== EXERCISE DATA ==
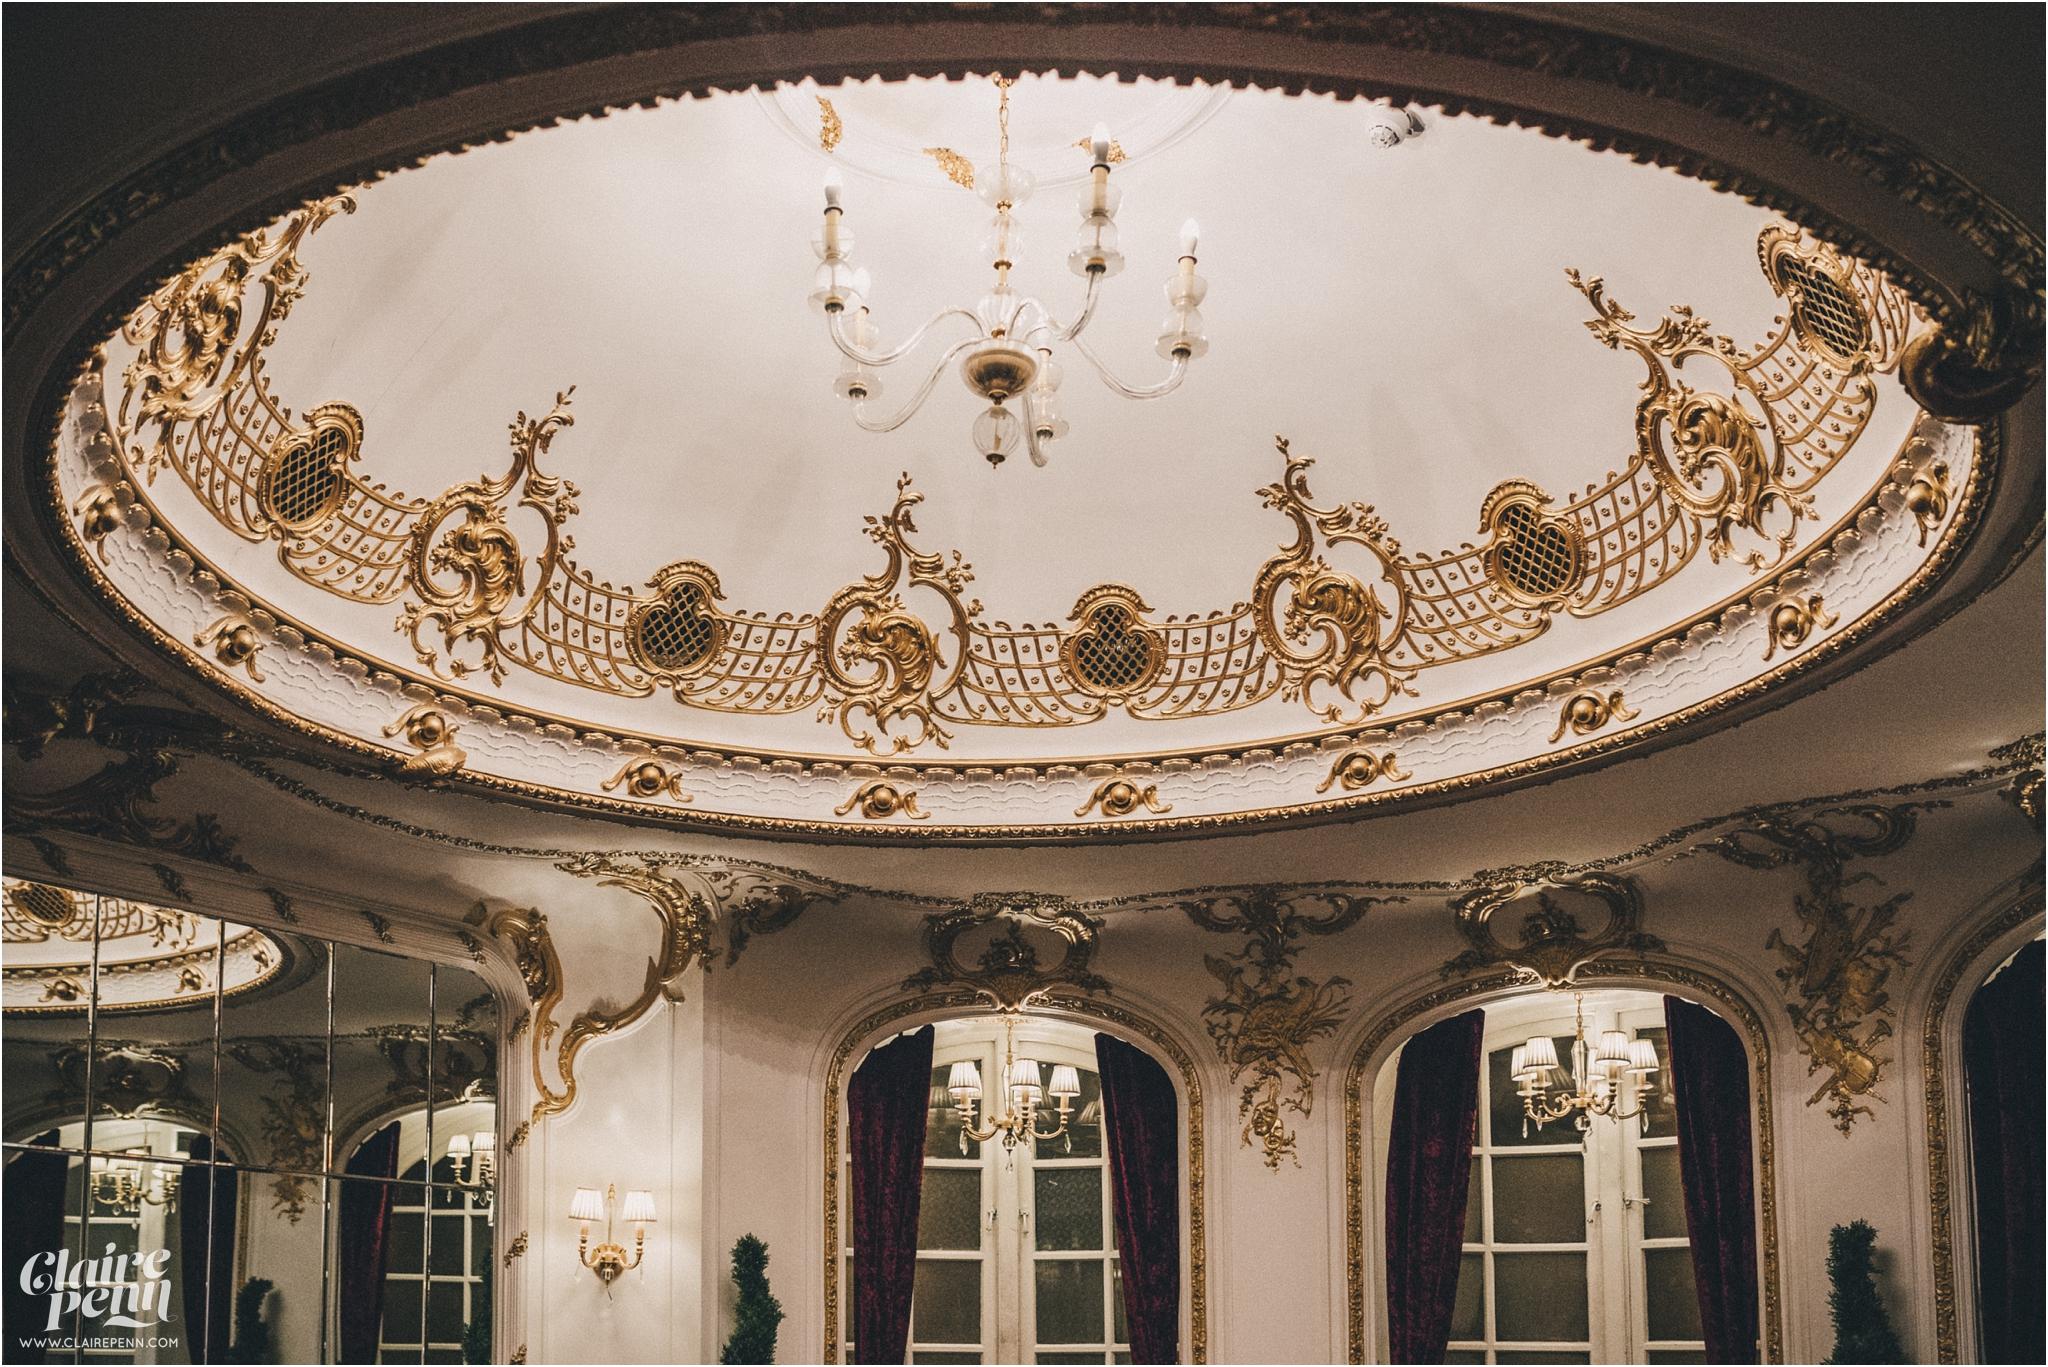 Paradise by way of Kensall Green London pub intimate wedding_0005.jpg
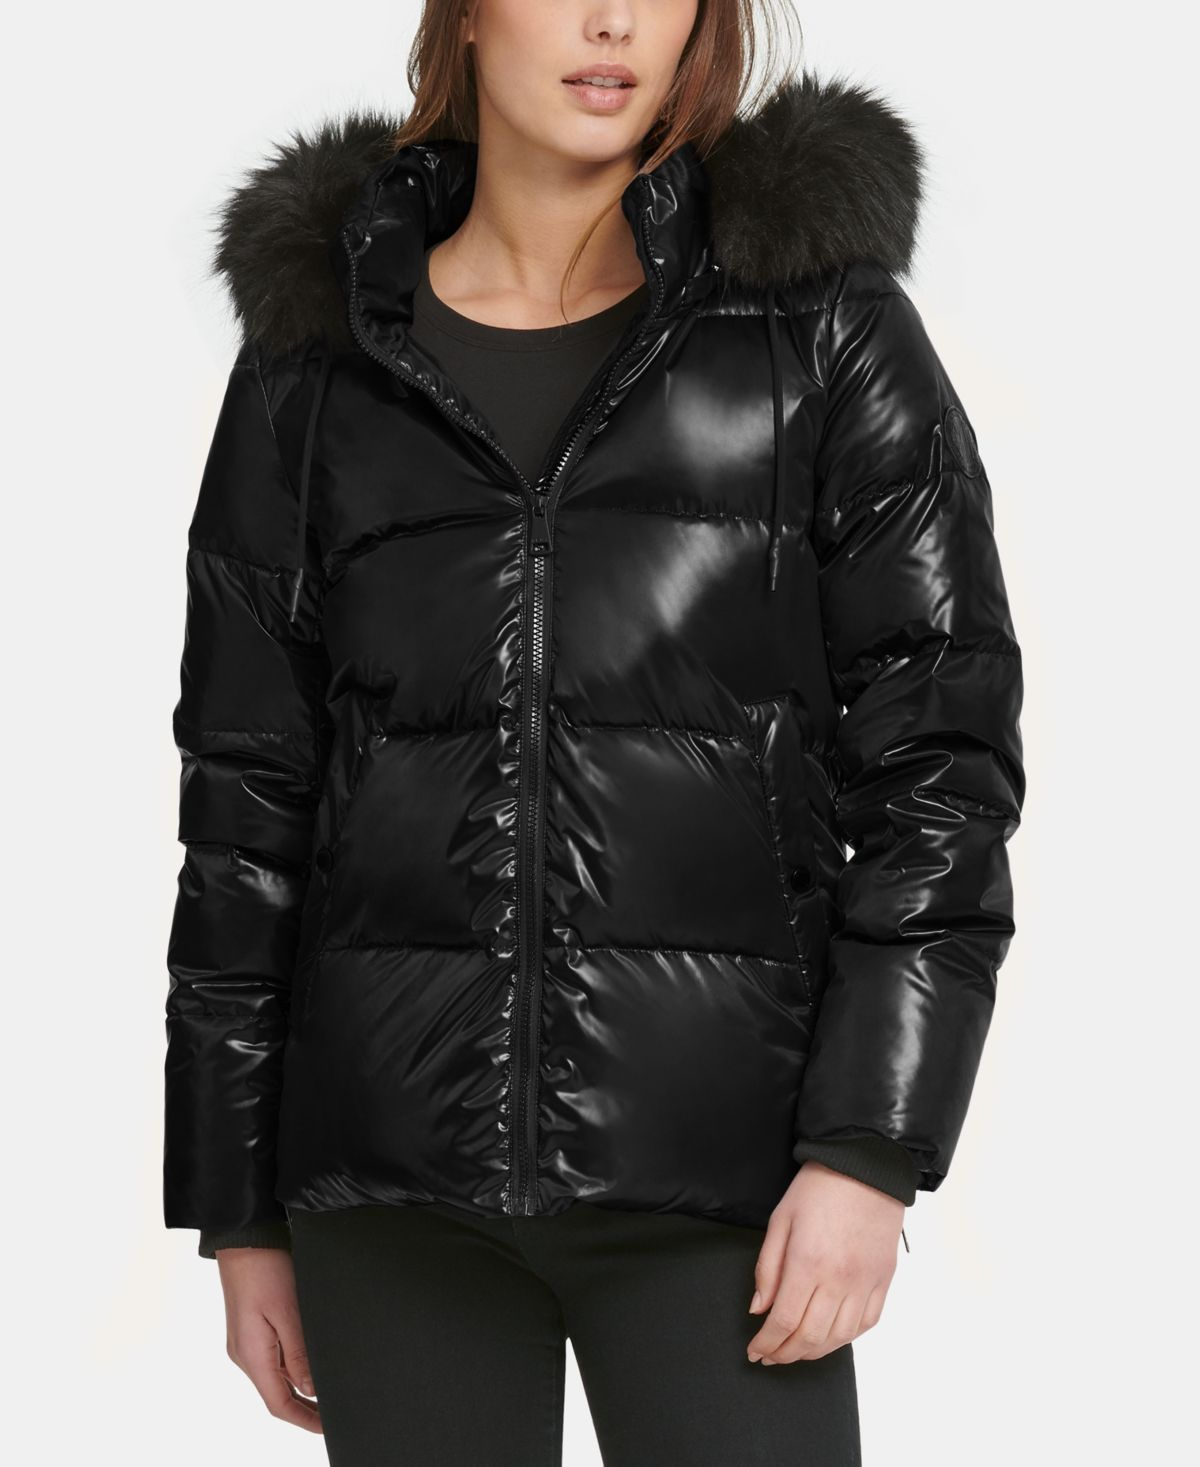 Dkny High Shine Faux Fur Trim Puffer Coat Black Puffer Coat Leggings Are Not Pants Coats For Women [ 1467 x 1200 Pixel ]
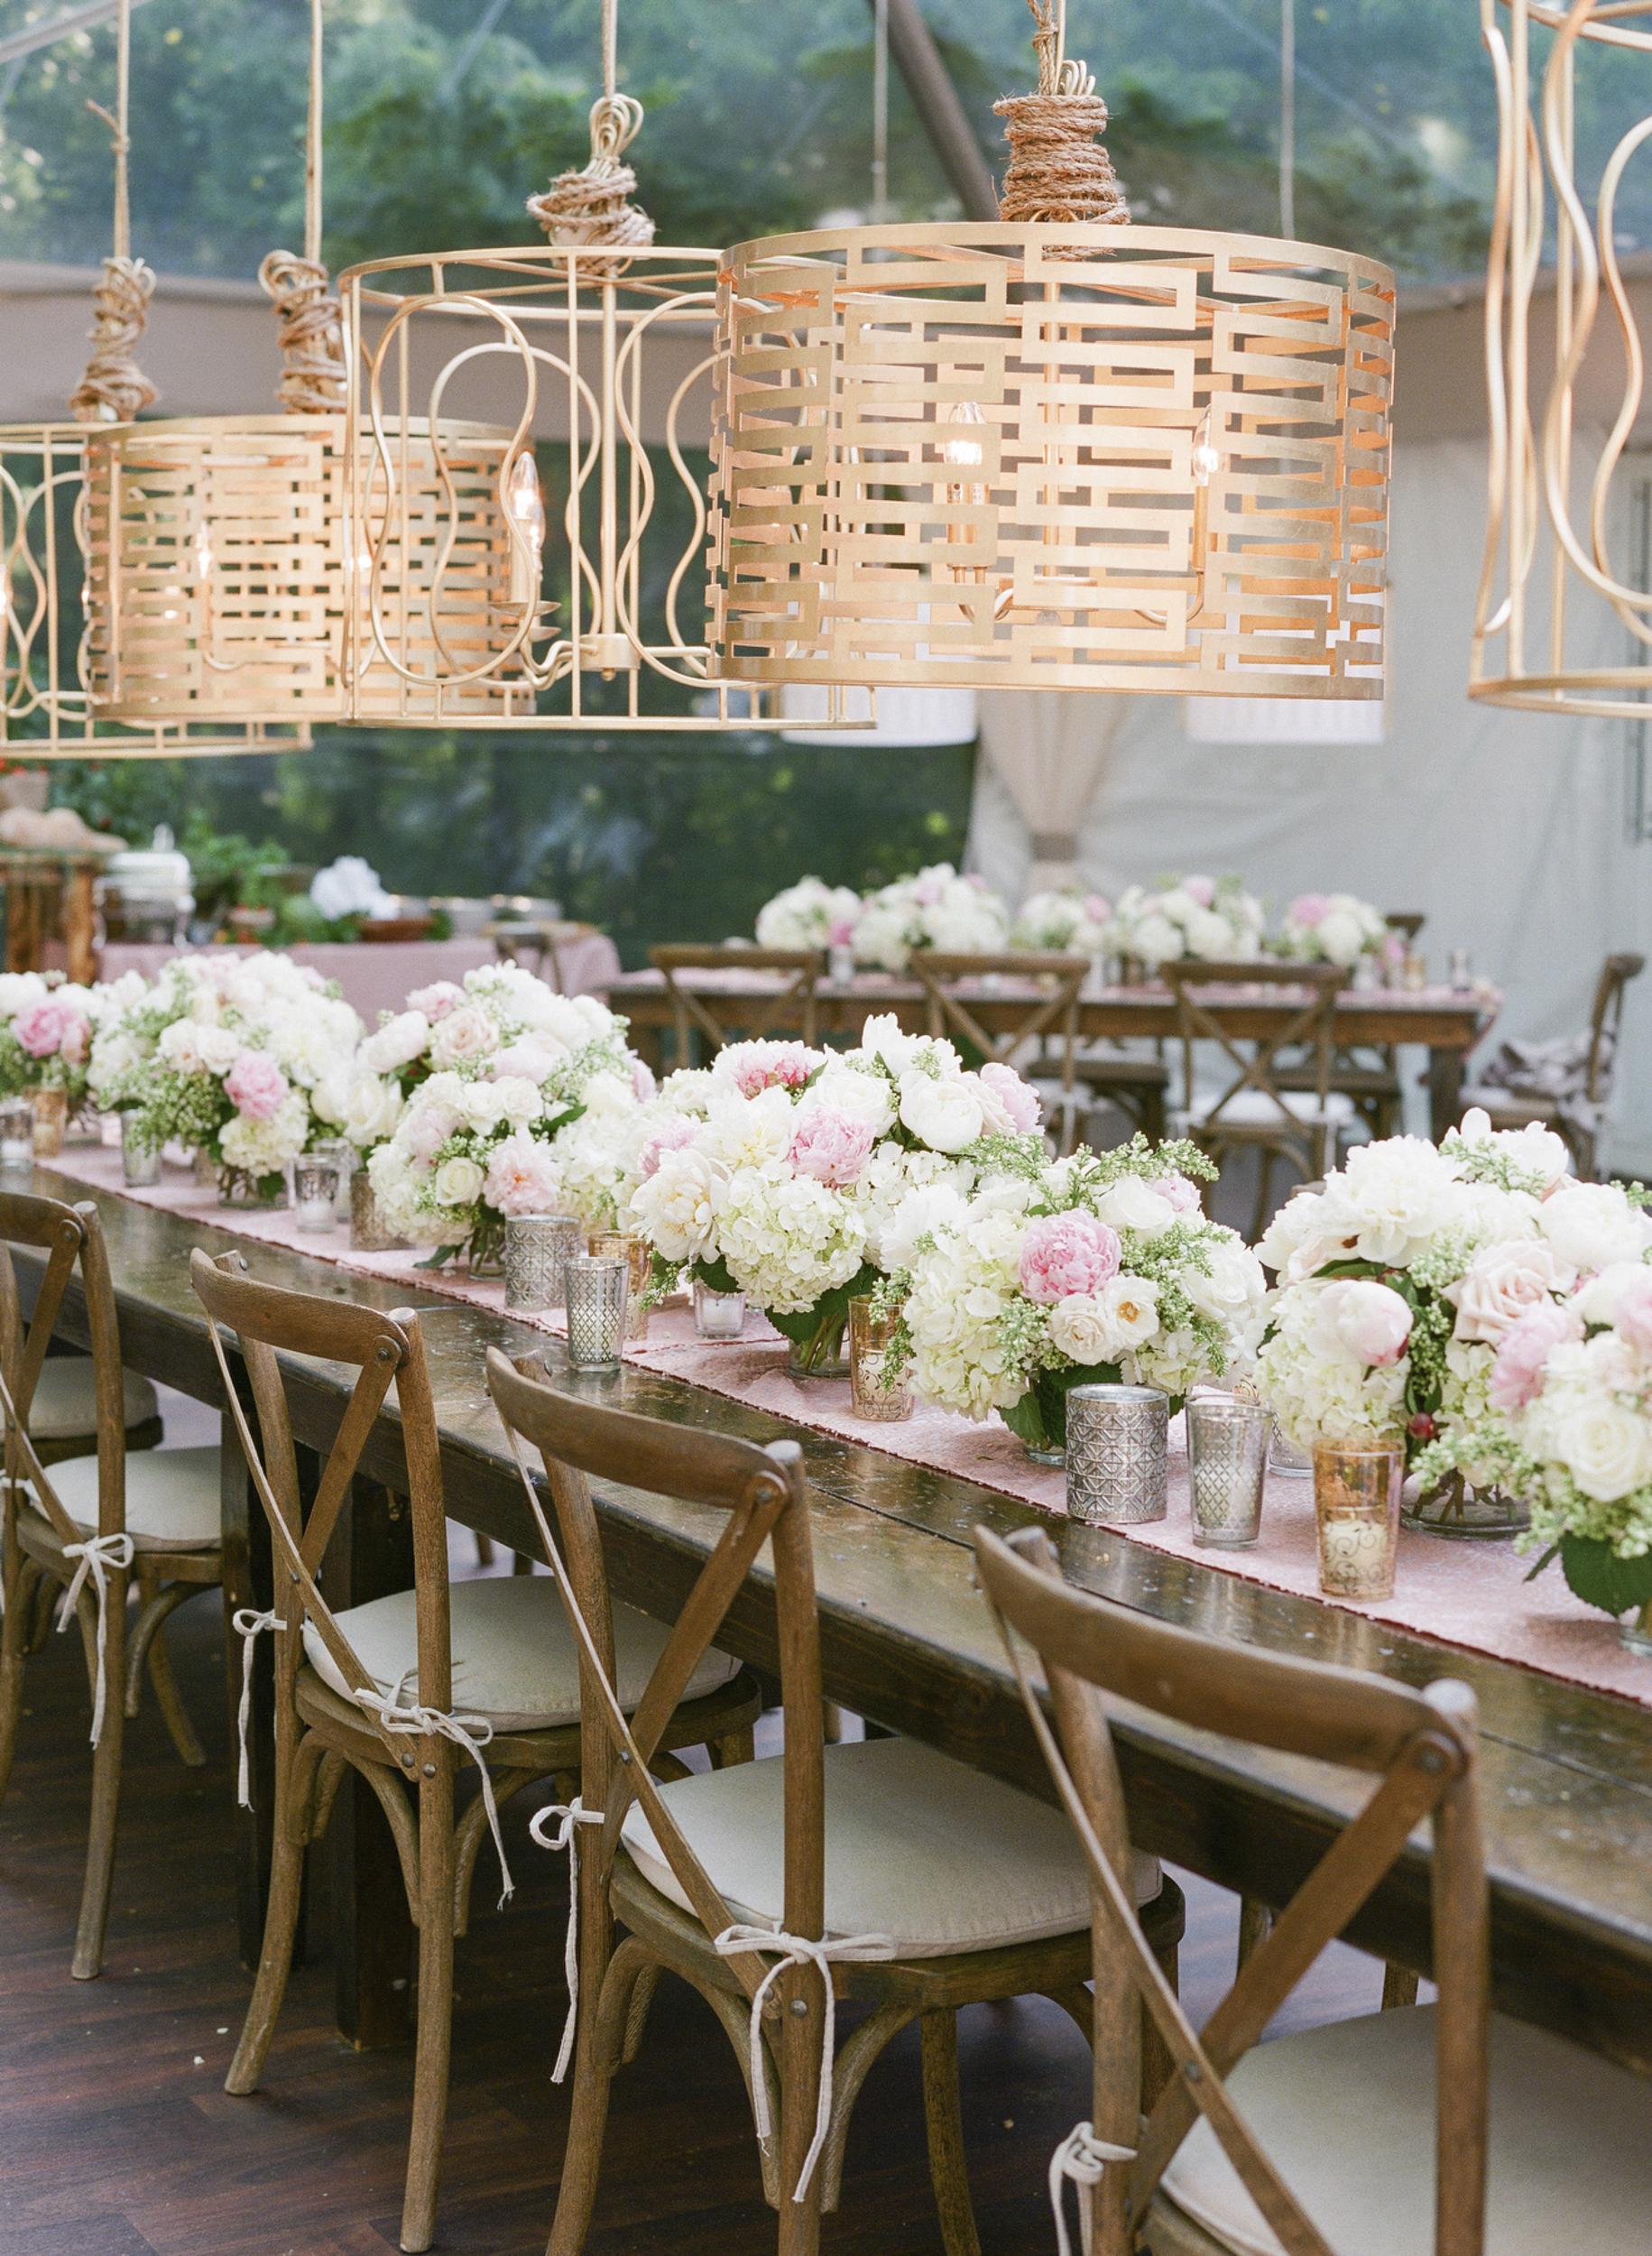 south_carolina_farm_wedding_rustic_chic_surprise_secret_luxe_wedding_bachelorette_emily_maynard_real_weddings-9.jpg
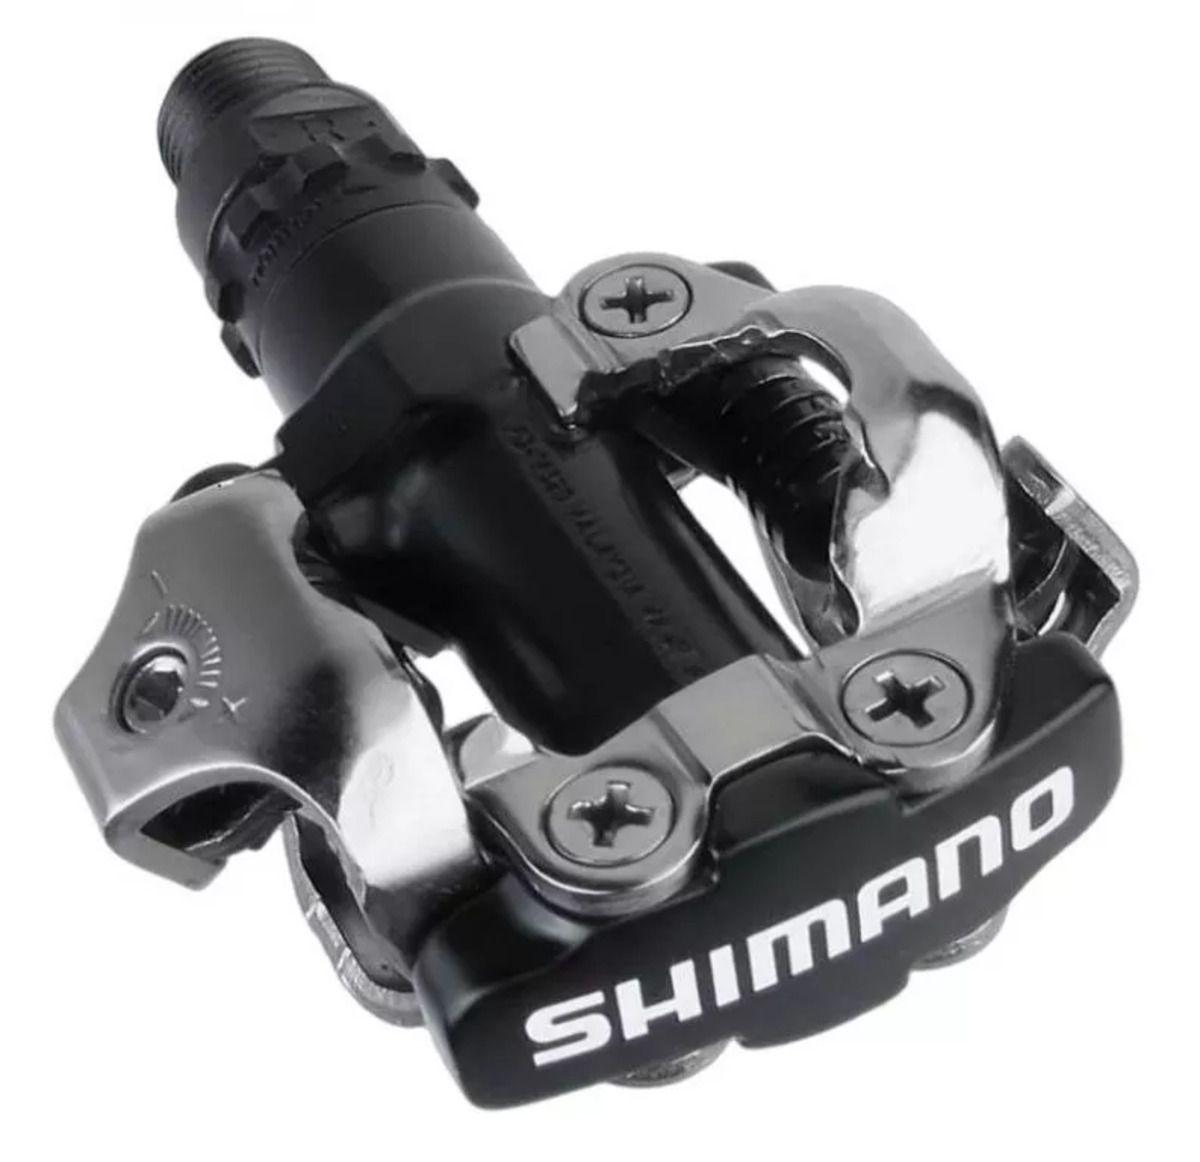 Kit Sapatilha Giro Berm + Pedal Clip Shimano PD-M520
===
▶ _THE TASK_:
An exact retyping of the material, minus the pictures, is the required answer.

▶ _WRITTEN SOLUTION_:
 Paradise by way of Kensall Green London pub intimate wedding_0005.jpg
 Dkny High Shine Faux Fur Trim Puffer Coat Black Puffer Coat Leggings Are Not Pants Coats For Women [ 1467 x 1200 Pixel ]
 south_carolina_farm_wedding_rustic_chic_surprise_secret_luxe_wedding_bachelorette_emily_maynard_real_weddings-9.jpg
 Kit Sapatilha Giro Berm + Pedal Clip Shimano PD-M520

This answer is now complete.